La seconde table ronde a réuni Ananda Devi, Karim Kattan, Monique Proulx et Fawzia Zouari, autour de la fonction humaniste et politique de la littérature.

Les échanges ont déplacé la réflexion vers une dimension plus intime et essentielle de l’écriture : celle d’un travail de réparation. Réparation de soi d’abord, dans ce que l’écriture permet de formuler, de traverser, de rendre partageable et réparation du lien ensuite, car ce qui est écrit, une fois publié, ne relève plus seulement de l’expérience individuelle mais entre en résonance avec d’autres vécus.

Les auteurs ont ainsi insisté sur cette capacité singulière de la littérature à créer une forme de communauté sensible, un lieu où des lecteurs peuvent se reconnaître et se rejoindre, sans nécessairement se connaître. Une manière de partager des expériences parfois douloureuses, mais en les inscrivant dans une perspective qui les dépasse et les transforme.

Dans cette perspective, la littérature apparaît comme un acte à la fois intime et profondément engagé, un geste qui rend possible une mise en commun des expériences humaines, une forme d’attention au monde, une exigence, parfois même une forme de bonté.

Les échanges ont rappelé que, face aux logiques d’accélération et de standardisation, l’écriture demeure un espace de résistance, de complexité et de profondeur. Dire ce qui résiste, rendre compte de ce qui est fragilisé, imaginer d’autres possibles : telles sont les fonctions essentielles que la littérature continue d’assumer.

Dans un monde traversé par des tensions multiples, la littérature apparaît ainsi comme un lieu de reconstruction symbolique, capable de maintenir un dialogue entre les expériences humaines et de porter une parole singulière.

Un engagement renouvelé de la Francophonie en faveur du livre

Cet après-midi a également été ponctué de lectures scéniques proposées par des étudiantes des classes préparatoires du lycée Henri-IV. Leur participation a inscrit la jeunesse au cœur de cette réflexion collective, en soulignant l’enjeu central de transmission du goût de la lecture et de renouvellement des pratiques.
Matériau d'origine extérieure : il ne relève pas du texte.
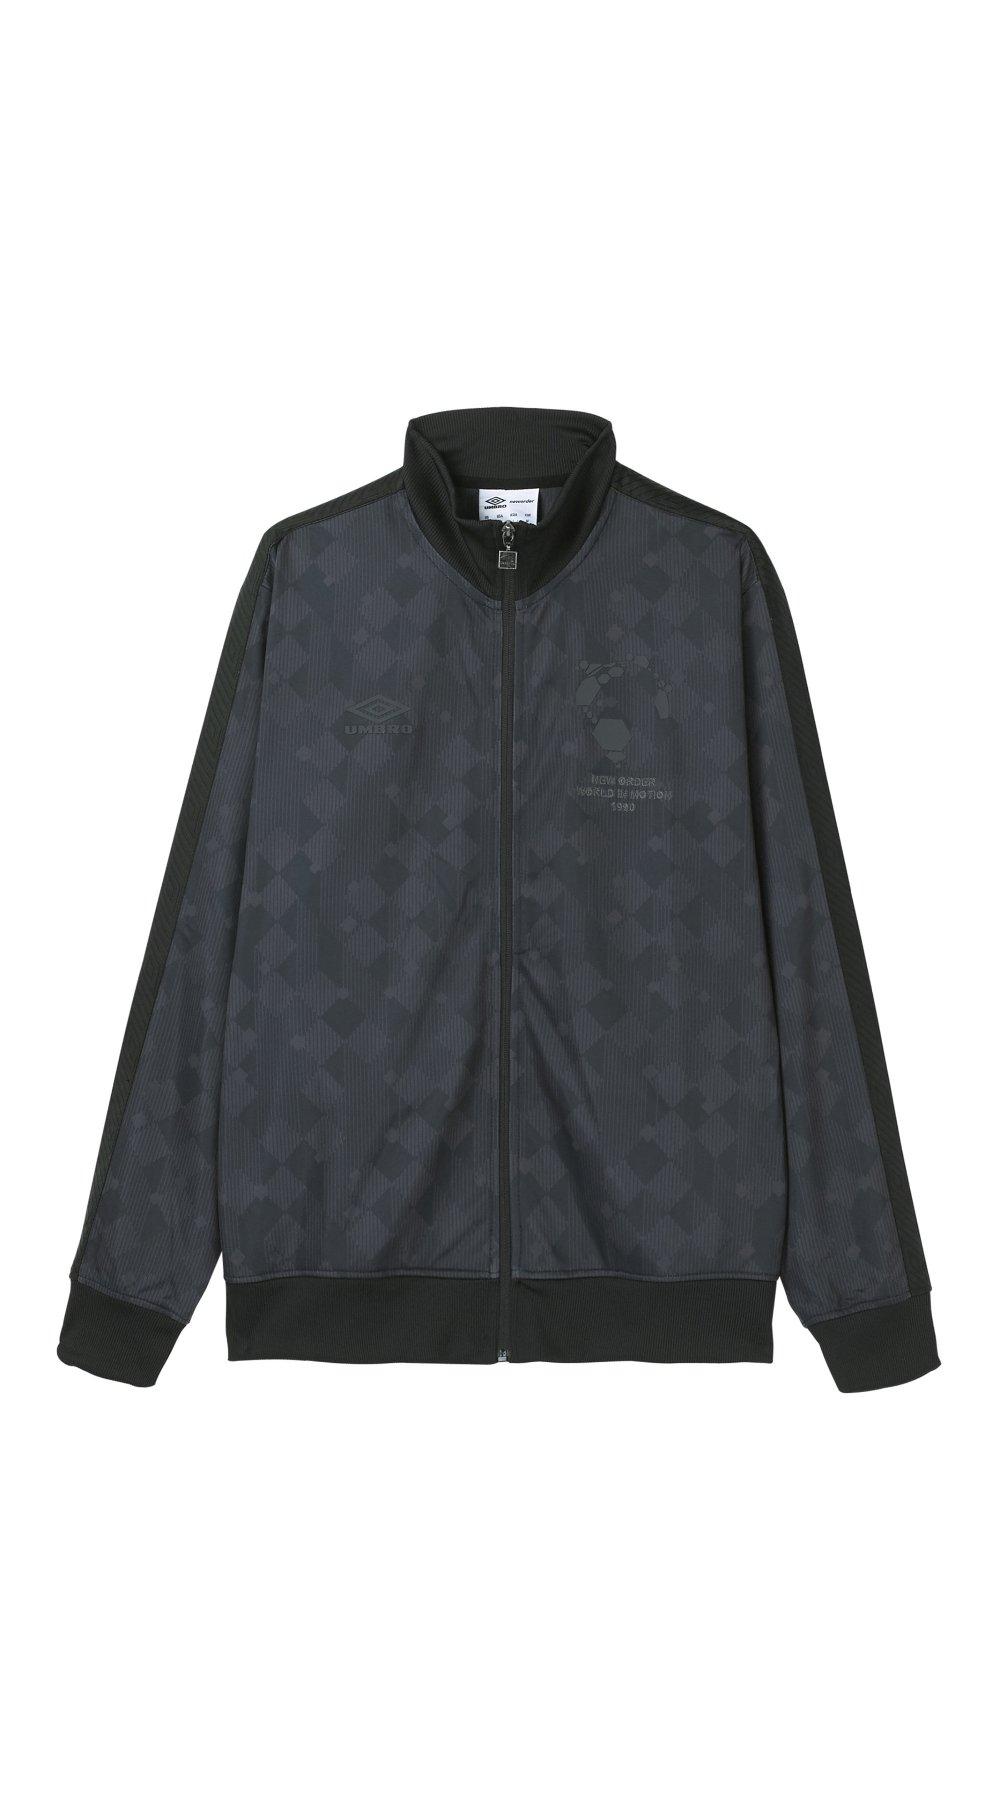 Праздничная куртка нового заказа Umbro, черный

À travers tous ces échanges, l’OIF réaffirme son engagement en faveur d’une filière du livre plus équitable, plus visible et plus résiliente dans l’espace francophone.

Dans un contexte de recomposition rapide des modèles économiques et des usages, ces tables rondes ont souligné la nécessité de soutenir la création, de garantir une juste rémunération des auteurs et de préserver la diversité des expressions littéraires.